In the future, do you see ICP retaining its importance in the environmental field? Are there other applications that ICP might see more use in?

(Potter) I don't see any new technique on the horizon that is going to replace ICP-OES or ICP-MS in any industry. To some extent, ICP-MS will continue to replace ICP-OES instruments in all industries, although there will always be a place for ICP-OES. Also, CRC-ICP-MS will capture much of the high-end GFAA market over the next few years.

(Olesik) ICP-OES and ICP-MS will certainly continue to be important for environmental analysis. There has been a lot of talk about the need for speciation in addition to elemental analysis; it remains to be seen how large this application will become and the exact role of ICP. Recently, there have been exciting new reports of ICP-MS for biological applications. Improved ability to measure S and P by ICP-MS, the potential use of metal tags, and compound-independent element sensitivity make ICP-MS ideal for quantitation, which is a challenge for molecular MS. So ICP-MS can be complementary to molecular MS for biological applications.

(Elliott) In the short to medium term, ICP-OES will remain an important tool in the environmental field. Emphasis on lower regulated detection limits will drive the market more to ICP-MS in the medium to long term, but the speed and robustness of ICP-OES will mean that you will see ICP-OES instruments in environmental labs for a long time.

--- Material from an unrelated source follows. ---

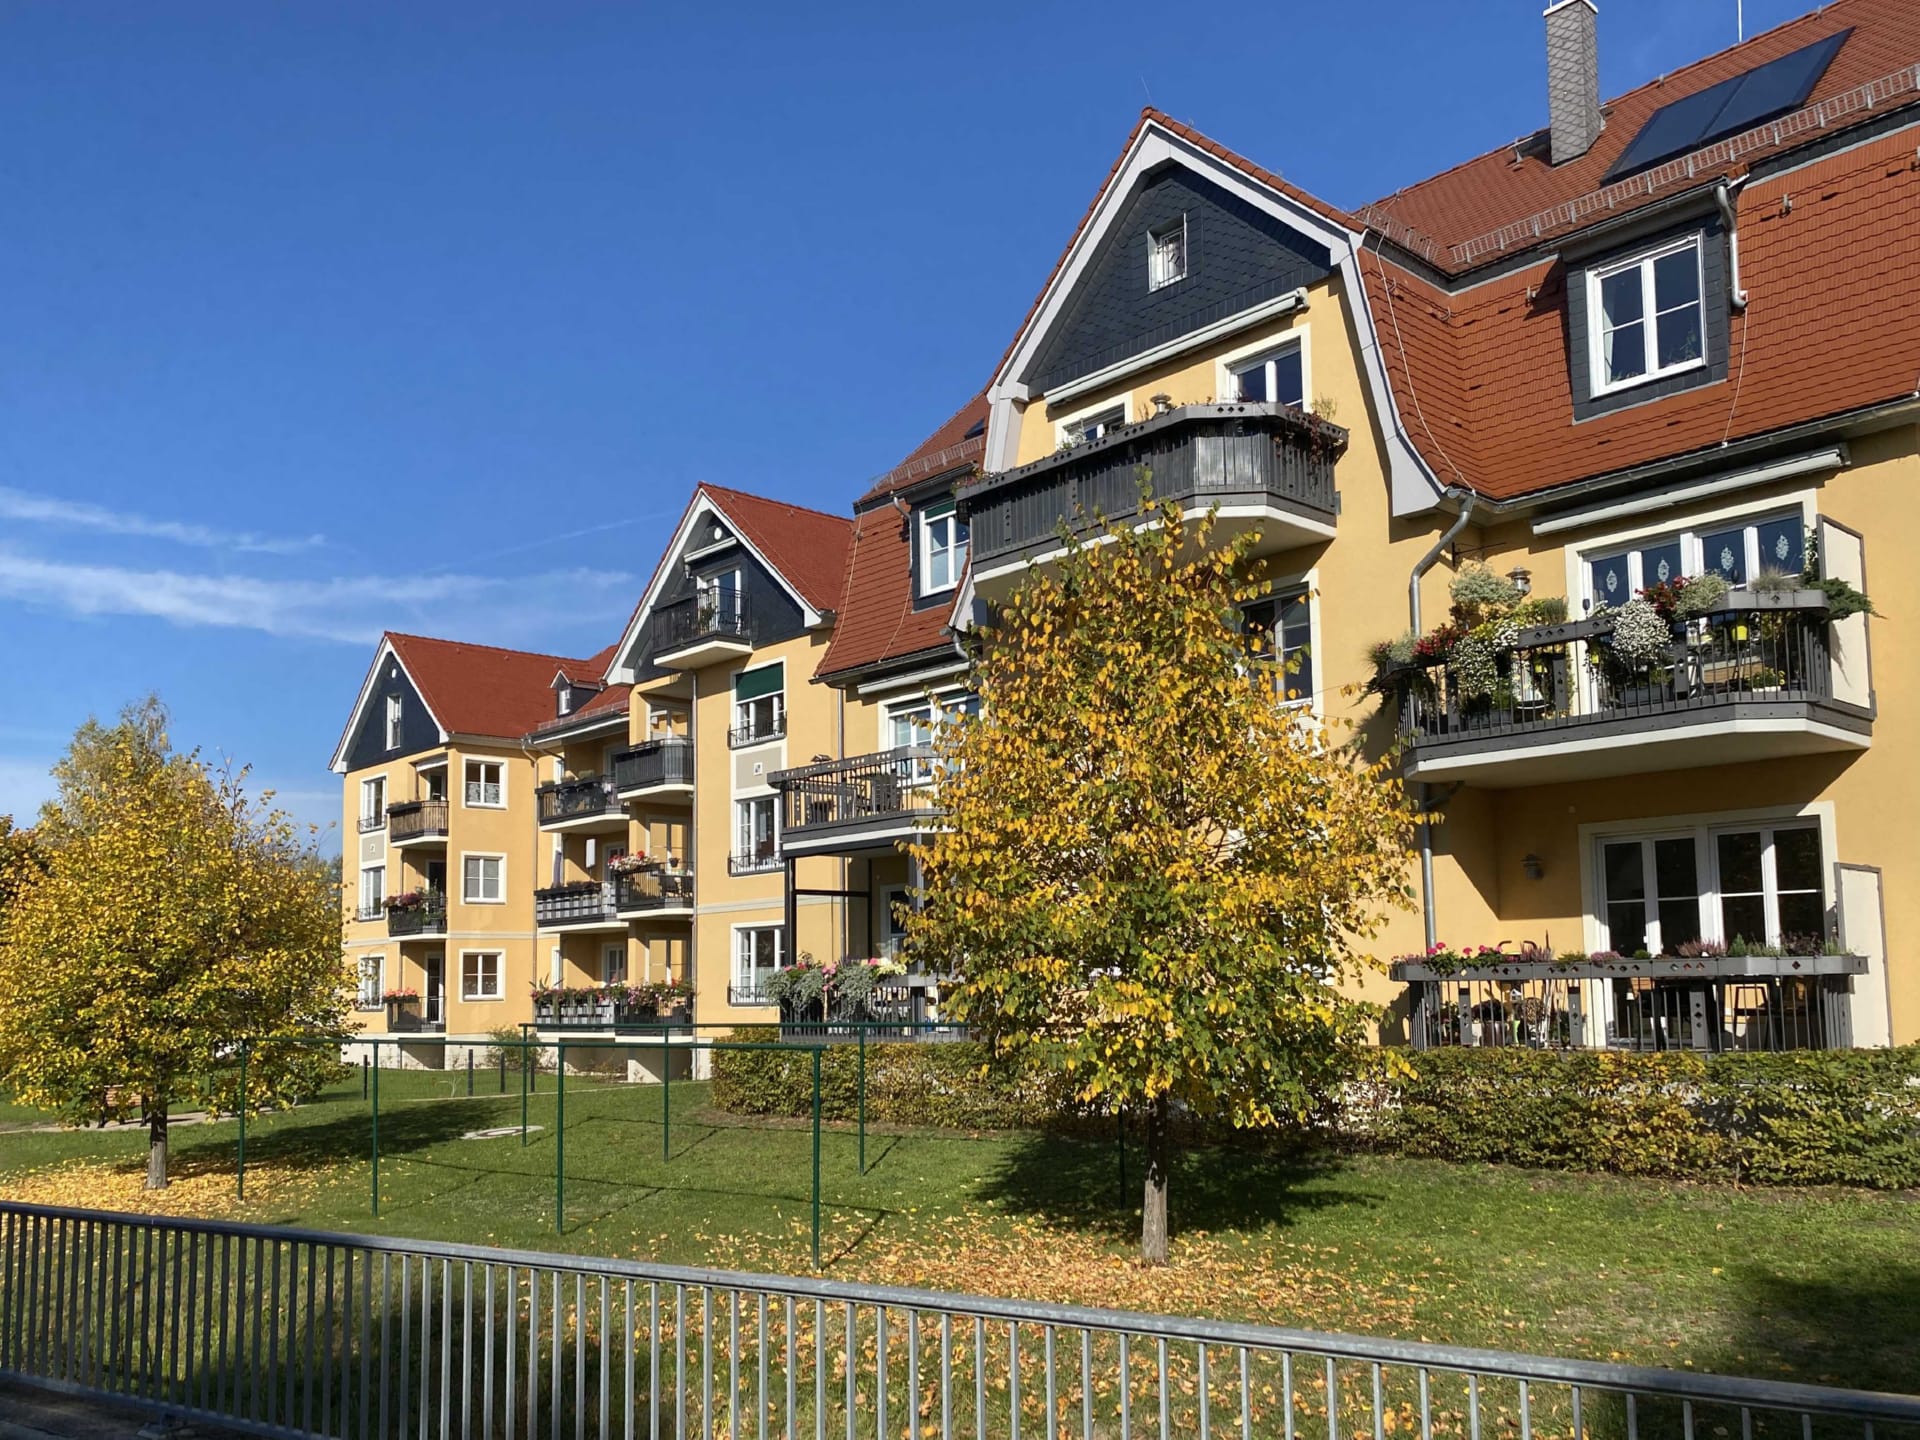 Ottendorf-Okrilla, Neubau von Mehrfamilienhäusern mit 26 Wohneinheiten, Bauabschnitt 2015-2017
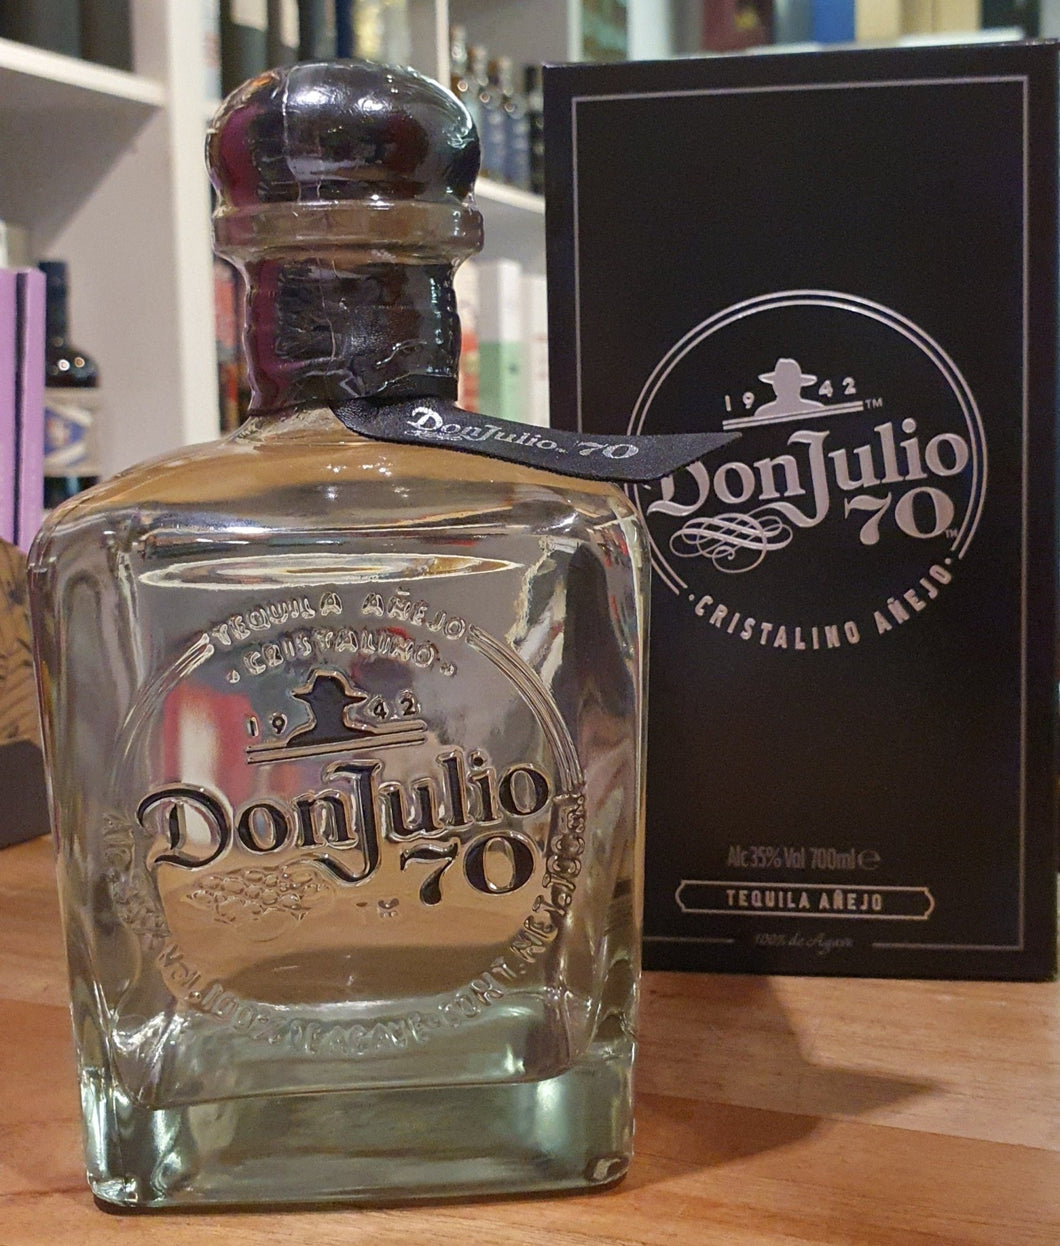 Don Julio 70 Anejo Cristalino Tequila 0,7l 35% vol.

ICP-OES will continue to grow in the traditional AAS industrial markets such as manufacturing, chemical/petrochemical, and metals/mining.

(Frame) ICP-OES will certainly retain its importance in the environmental field because of its ability to handle dirty samples. It could improve its position with respect to ICP-MS even more, especially for industrial applications, if the ICP-OES manufacturers follow the increasingly common marketing of an integrated chromatography system for speciation using the ICP-MS as an element-specific detector, especially for As speciation. ICP-MS will continue to grow in the semiconductor industry, where its low detection limits are required.